Parigi ha scelto di nuovo Anne Hidalgo come proprio sindaco. Una buona notizia per tutti i ciclisti francesi, che conferma la volontà di rimanere sulla strada a favore di una mobilità ecologica tracciata negli ultimi cinque anni. L’esponente del Partito Socialista ha vinto ieri il secondo turno delle elezioni della capitale francese, sospeso a causa del lockdown. La 61enne di origine spagnola potrà così iniziare il proprio secondo mandato, portando avanti un programma eco-friendly che sembra aver convinto i cittadini parigini. Una linea politica che ha pagato, come conferma il risultato netto con cui Parigi l’ha premiata, con poco più del 50% dei voti contro il 32% dei suoi primi rivali.
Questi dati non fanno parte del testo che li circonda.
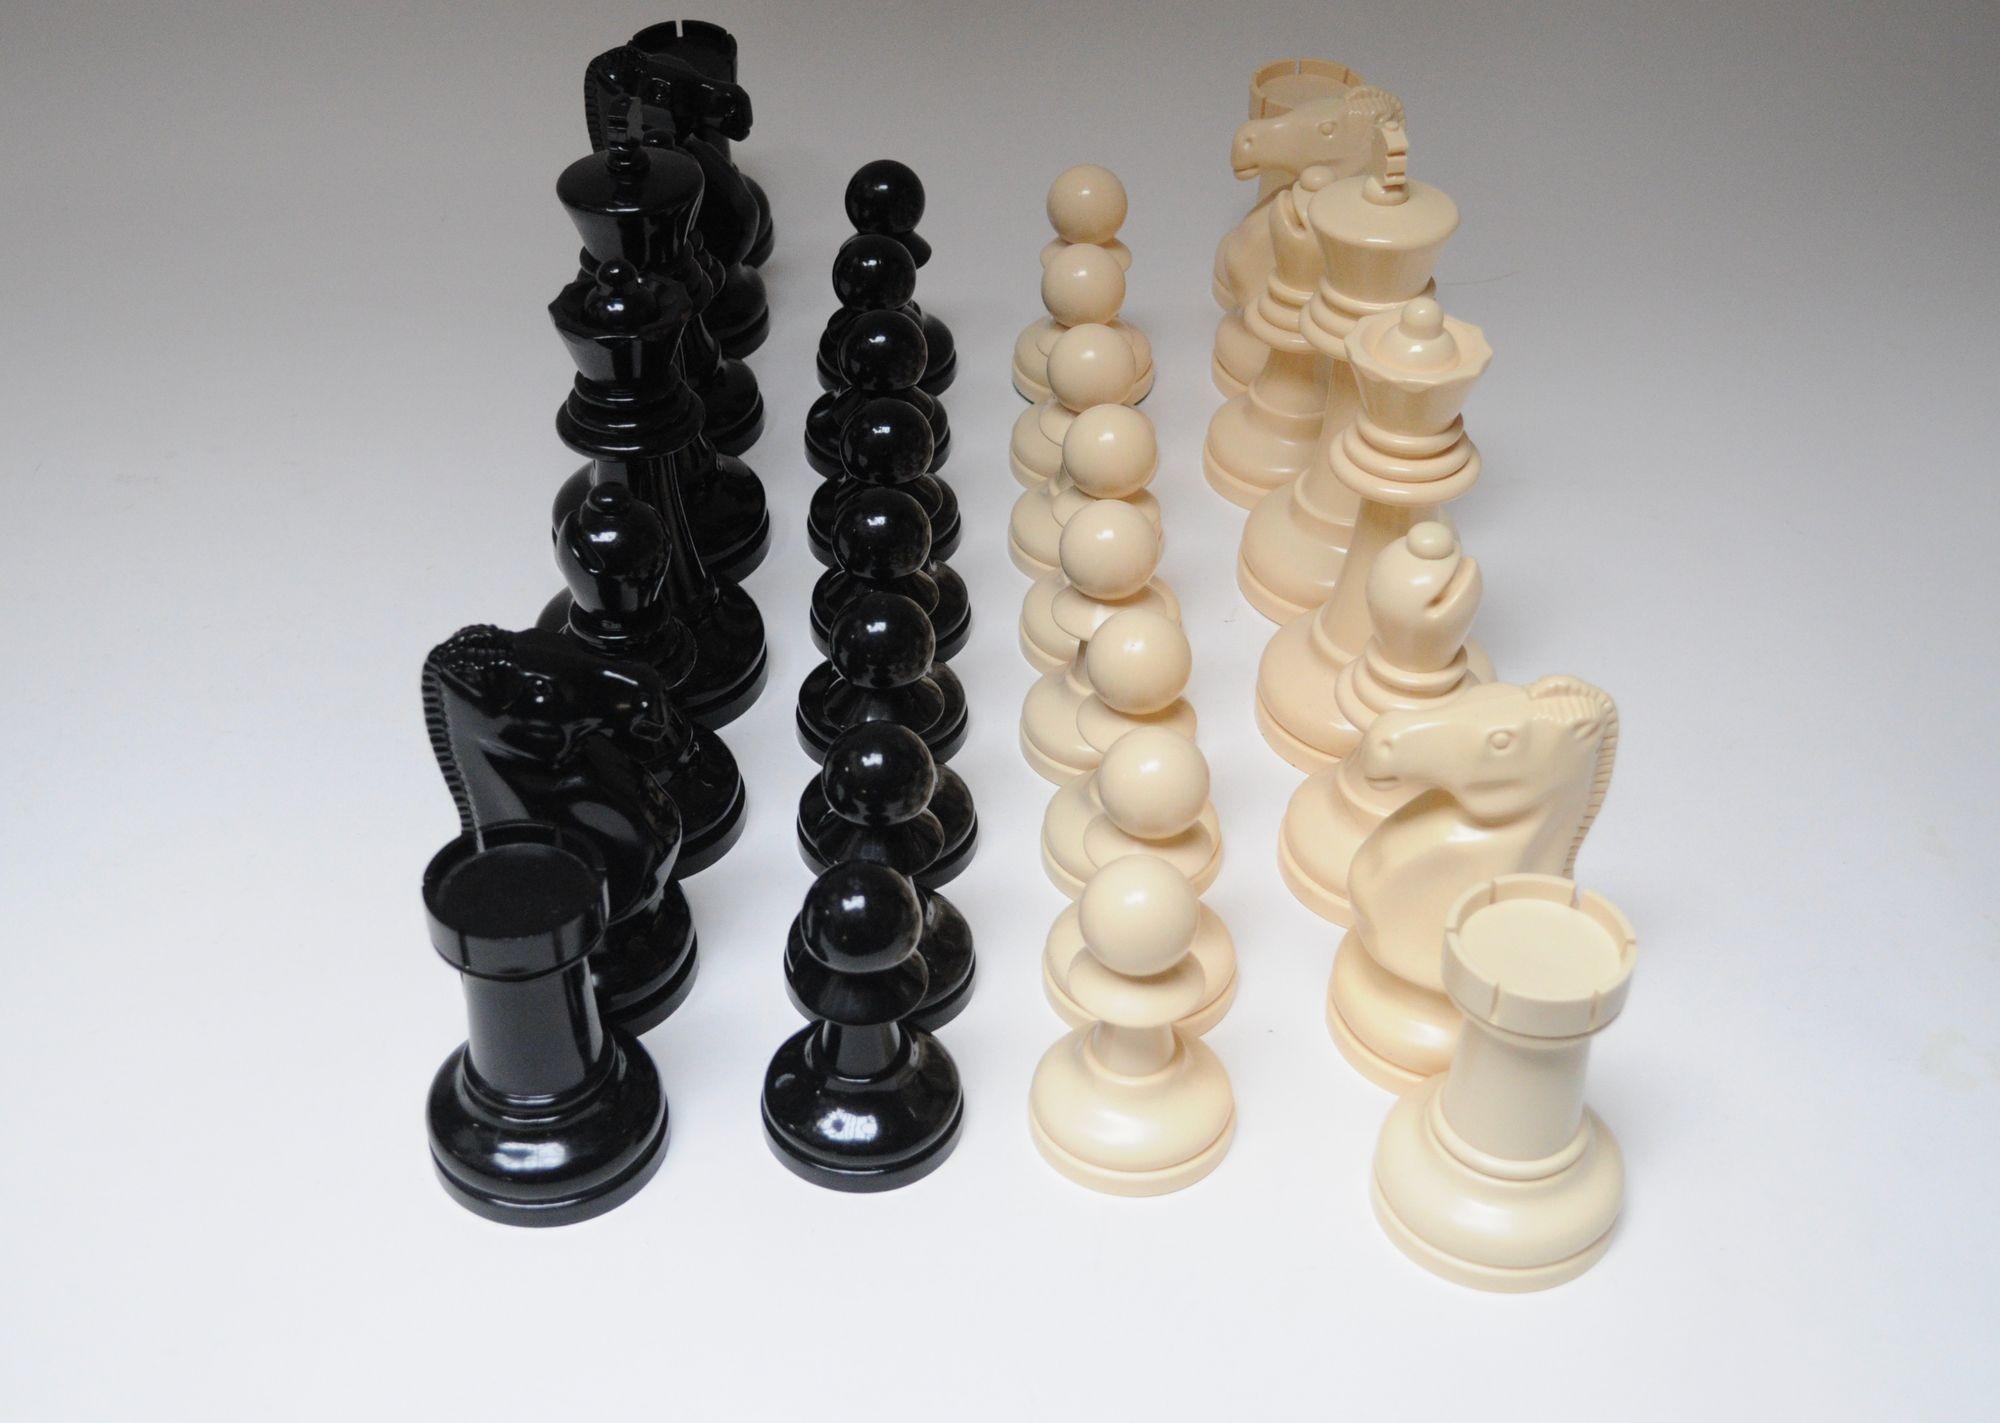 Einzigartig große Schachfiguren aus schwarzem und cremefarbenem Kunststoff, ca. 1970er Jahre USA.
Vollständiges und komplettes Set ohne Brett, obwohl die Quadrate mindestens 4

Negli ultimi anni in effetti Parigi è diventata sempre più vicina alle esigenze dei ciclisti. La rimozione di numerosi posti auto e la creazione di una Parigi come “zona 30”, ovvero una città in cui tutti i principali servizi siano raggiungibili in bicicletta o a piedi entro mezz’ora. La sua conferma, dopo la vittoria iniziale nel 2014, permetterà a Hidalgo di continuare il proprio progetto, fino al punto di rendere Parigi una “zona 15”. Un successo importante per il partito ecologista, che potrebbe fare da traino in diverse zone d’Europa. Lo slancio verso una maggiore consapevolezza nella costruzione di piste ciclabili e di servizi per i ciclisti, ora, sembra interessare seriamente la politica e inizia a entrare in un numero crescente di programmi. Il bonus bici, in Italia, è una delle tante mosse in questa direzione.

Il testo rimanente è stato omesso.